The second init-declarator has three declarators: *, const, and p. And an initialiser, = &i.

The declarators * and const modify the base type to mean "constant pointer to the base type." The base type, given by specifiers, is int, to the type of p will be "constant pointer to int."

2

int j = 0, const c = 2;

Again, one specifier: int, and two init-declarators: j = 0 and const c = 2.

For the second init-declarator, the declarators are const and c. As I mentioned, the grammar only allows cv-qualifiers as declarators if there is a pointer involved. That is not the case here, hence the error.

3

int *const p1 = nullptr, i1 = 0;

One specifier: int, two init-declarators: * const p1 = nullptr and i1 = 0.

For the first init-declarator, the declarators are: *, const, and p1. We already dealt with such an init-declarator (the second one in case 1). It adds the "constant pointer to base type" to the specifier-defined base type (which is still int).

For the second init-declarator i1 = 0, it's obvious. No type modifications, use the specifier(s) as-is. So i1 becomes an int.

4

int const j1 = 0, c1 = 2;

Here, we have a fundamentally different situation from the preceding three.

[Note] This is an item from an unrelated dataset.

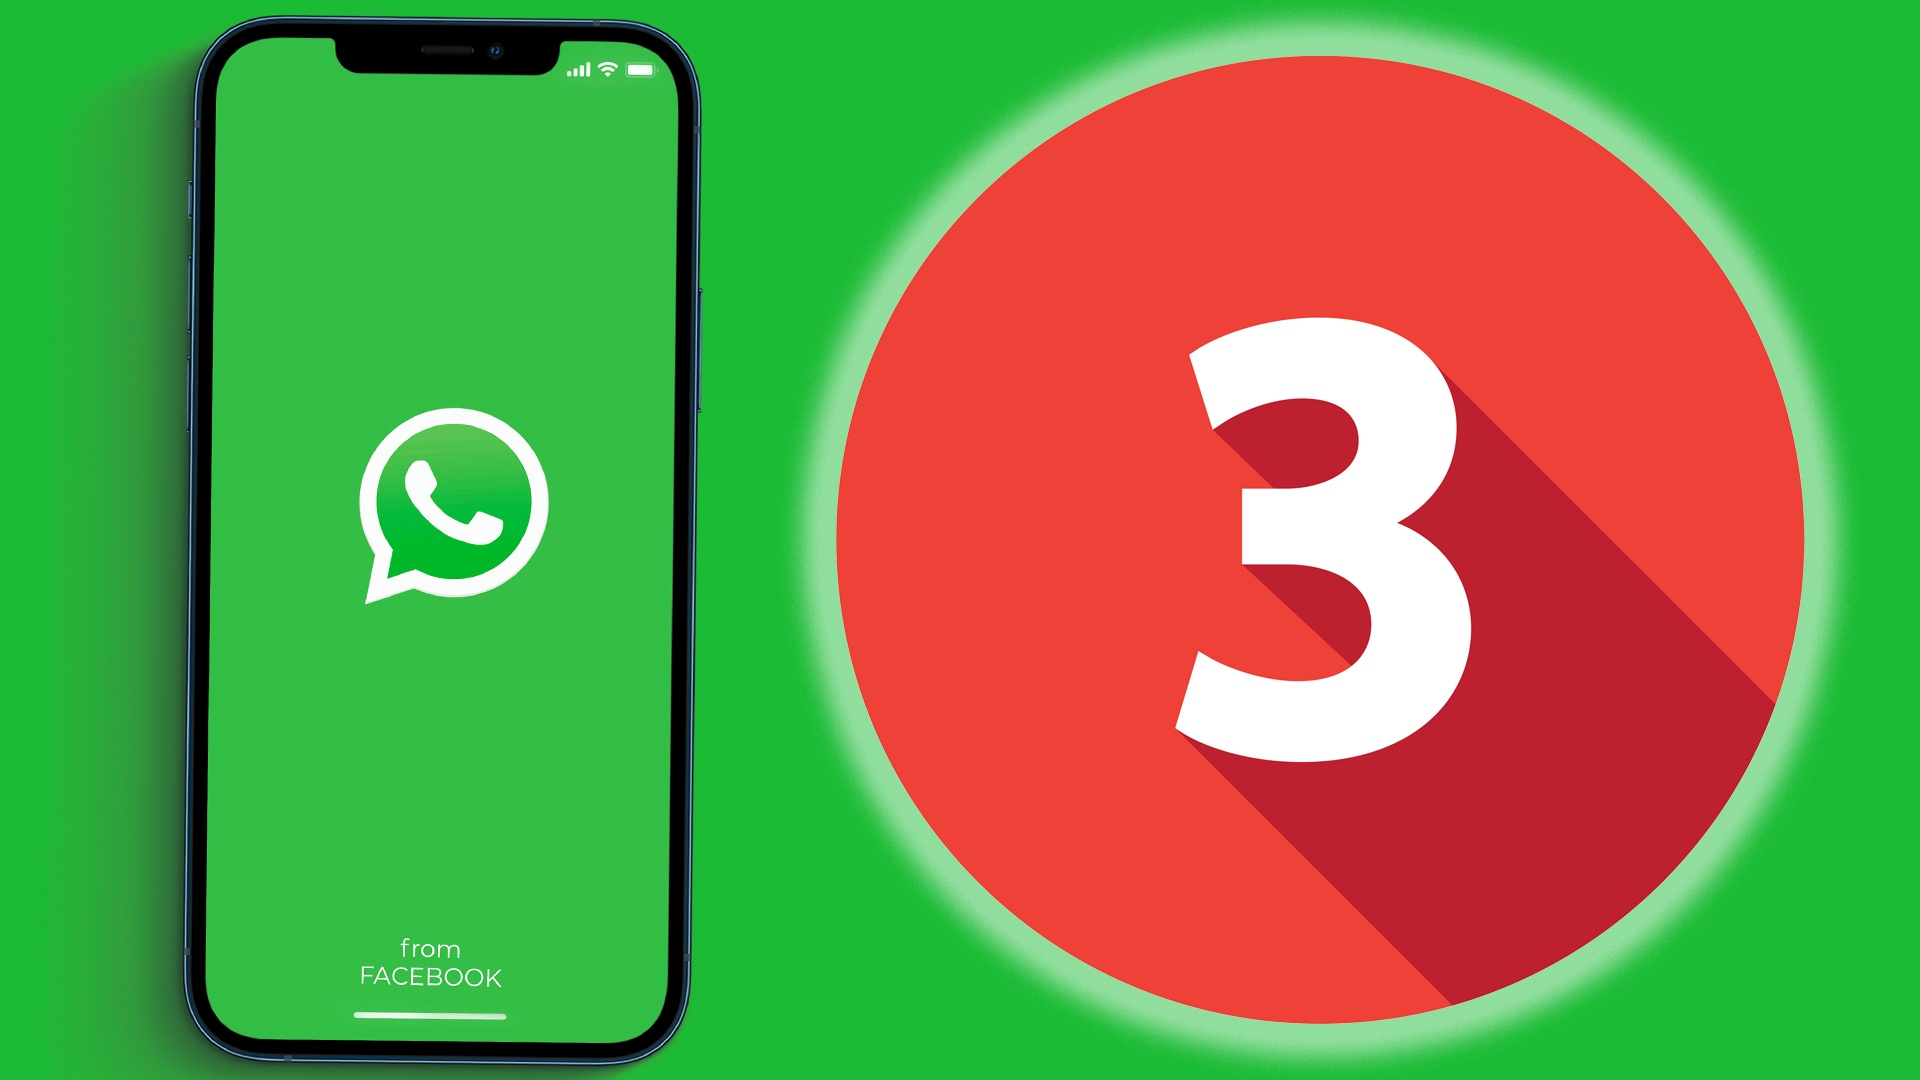 WhatsApp soll bald neue Funktionen bekommen: So funktionieren sie voraussichtlich

We have two specifiers: int and const. And then two init-declarators, j1 = 0 and c1 = 2.

None of these init-declarators have any type-modifying declarators in them, so they both use the type from the specifiers, which is const int.

Answer 2

This is specified in [dcl.dcl] and [dcl.decl] as part of the simple-declaration* and boils down to differences between the branches in ptr-declarator:

declaration-seq:
    declaration

declaration:
    block-declaration

block-declaration:
    simple-declaration

simple-declaration:
    decl-specifier-seqopt init-declarator-listopt ;
----

decl-specifier-seq:
    decl-specifier decl-specifier-seq    

decl-specifier:    
    type-specifier                               ← mentioned in your error

type-specifier:
    trailing-type-specifier

trailing-type-specifier:
    simple-type-specifier
    cv-qualifier
----

init-declarator-list:
   init-declarator
   init-declarator-list , init-declarator

init-declarator:
   declarator initializeropt

declarator:
    ptr-declarator

ptr-declarator:                                 ← here is the "switch"
    noptr-declarator
    ptr-operator ptr-declarator

ptr-operator:                                   ← allows const
    *  cv-qualifier-seq opt

cv-qualifier:
    const
    volatile

noptr-declarator:                               ← does not allow const
    declarator-id

declarator-id:
    id-expression

The important fork in the rules is in ptr-declarator:

ptr-declarator:
    noptr-declarator
    ptr-operator ptr-declarator

Essentially, noptr-declarator in your context is an id-expression only. It may not contain any cv-qualifier, but qualified or unqualified ids. However, a ptr-operator may contain a cv-qualifier.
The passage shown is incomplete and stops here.